About this task: The required answer is the data below, restated word for word with images omitted.

Material provided:
□ □ □ □ □ □ □

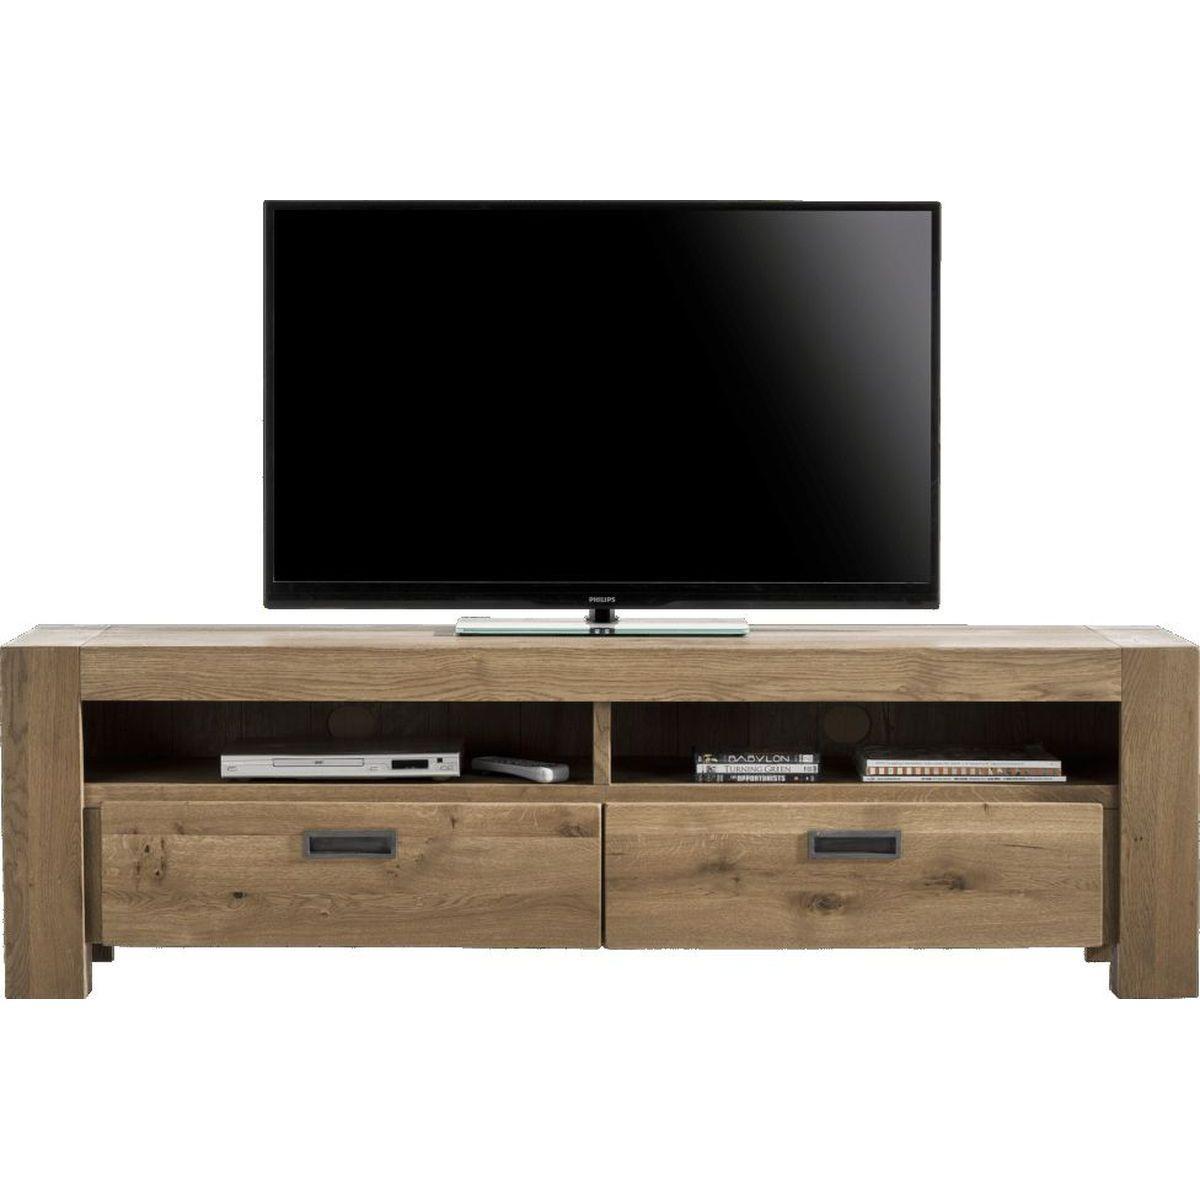 Meuble TV 180cm SANTORINI Henders & Hazel castle sand
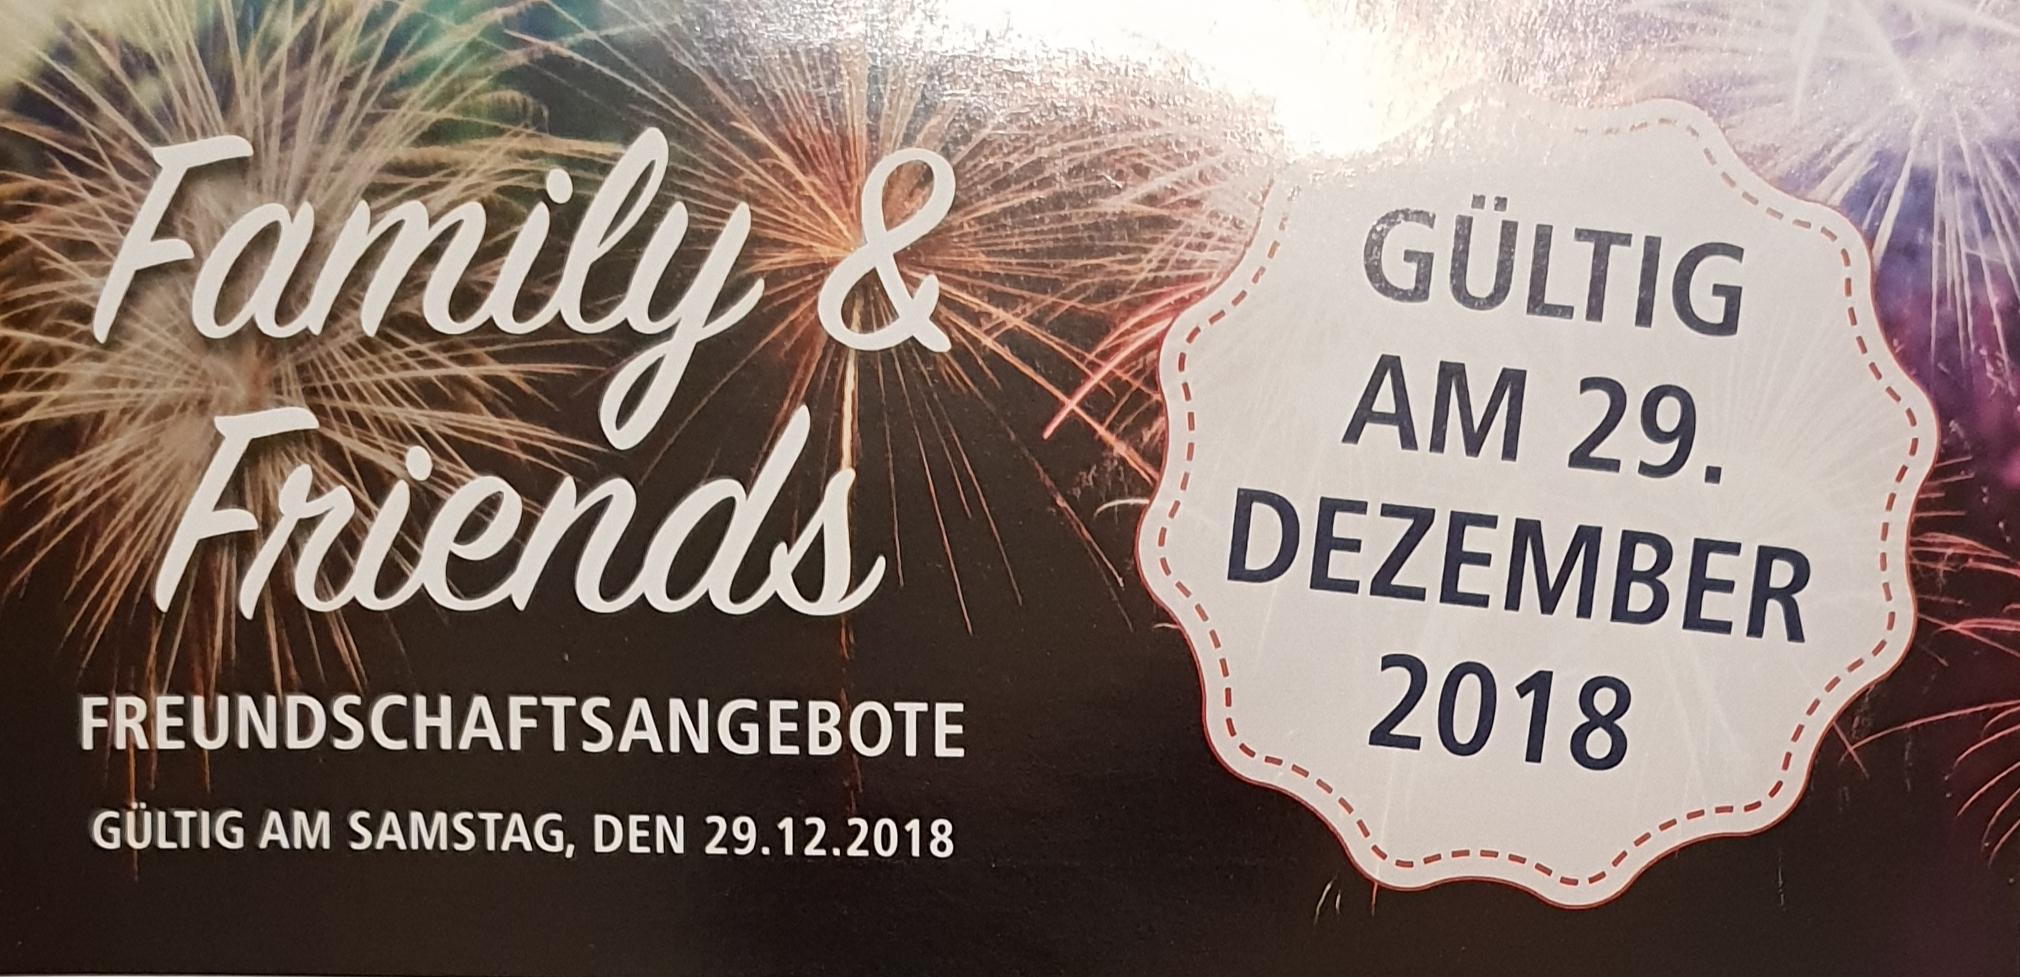 [REAL] Letzter Family & Friends Rabatt-Aktionstag des Jahres am 29. Dezember 2018 (bundesweit in allen Real Märkten)
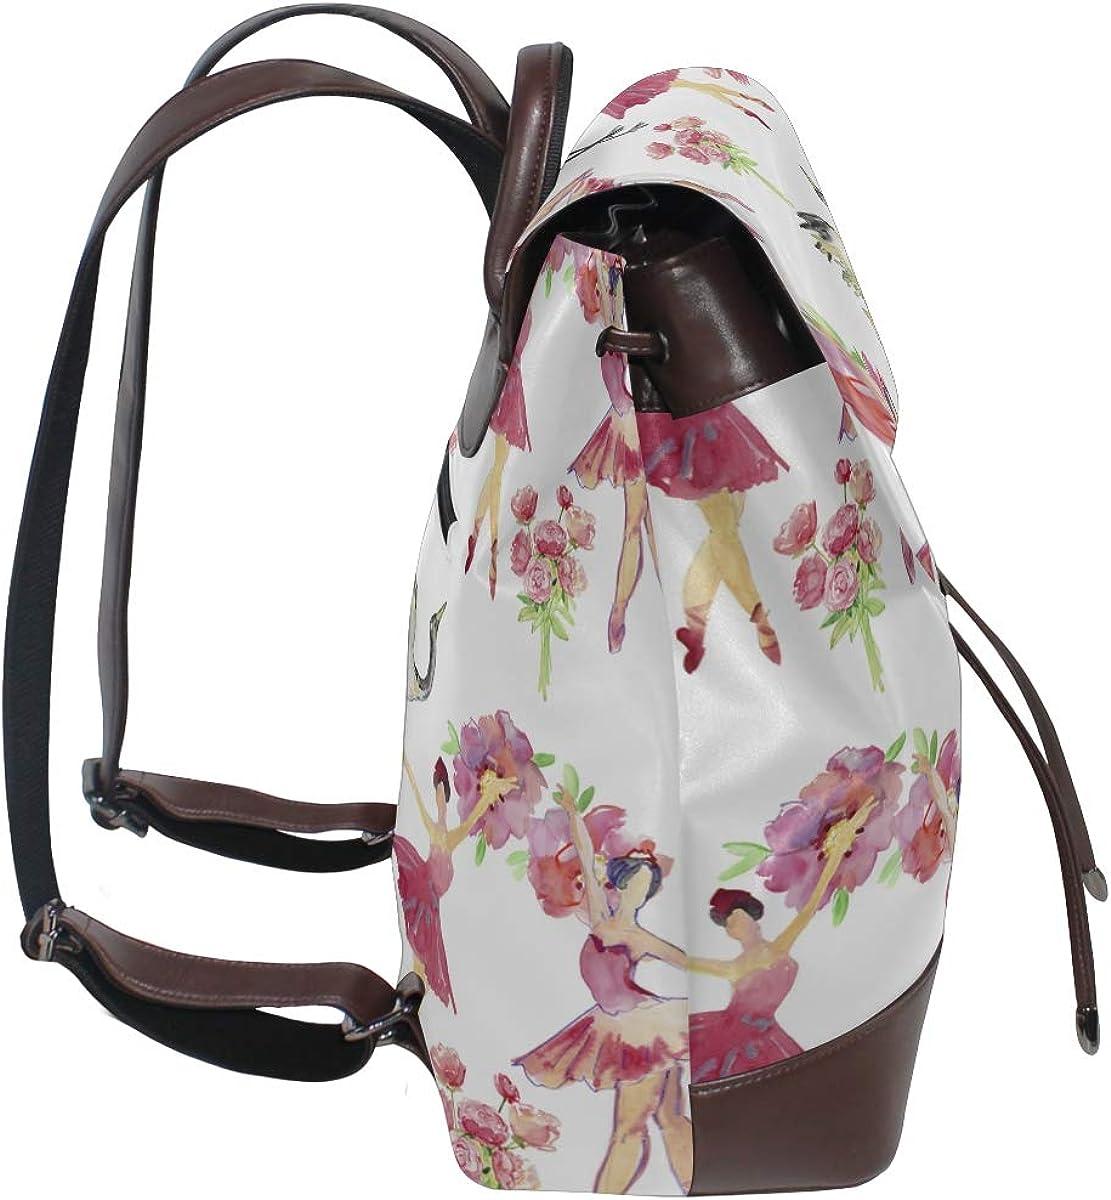 Cute Ballerina Dancing Leather Backpack Backpack Bag Leather Drawstring Waterproof Fashion Womens Bag Fashion Shoulder Bag For Women

□ □ □ □ □ □ □

Reply:
 Meuble TV 180cm SANTORINI Henders & Hazel castle sand
 [REAL] Letzter Family & Friends Rabatt-Aktionstag des Jahres am 29. Dezember 2018 (bundesweit in allen Real Märkten)
 Cute Ballerina Dancing Leather Backpack Backpack Bag Leather Drawstring Waterproof Fashion Womens Bag Fashion Shoulder Bag For Women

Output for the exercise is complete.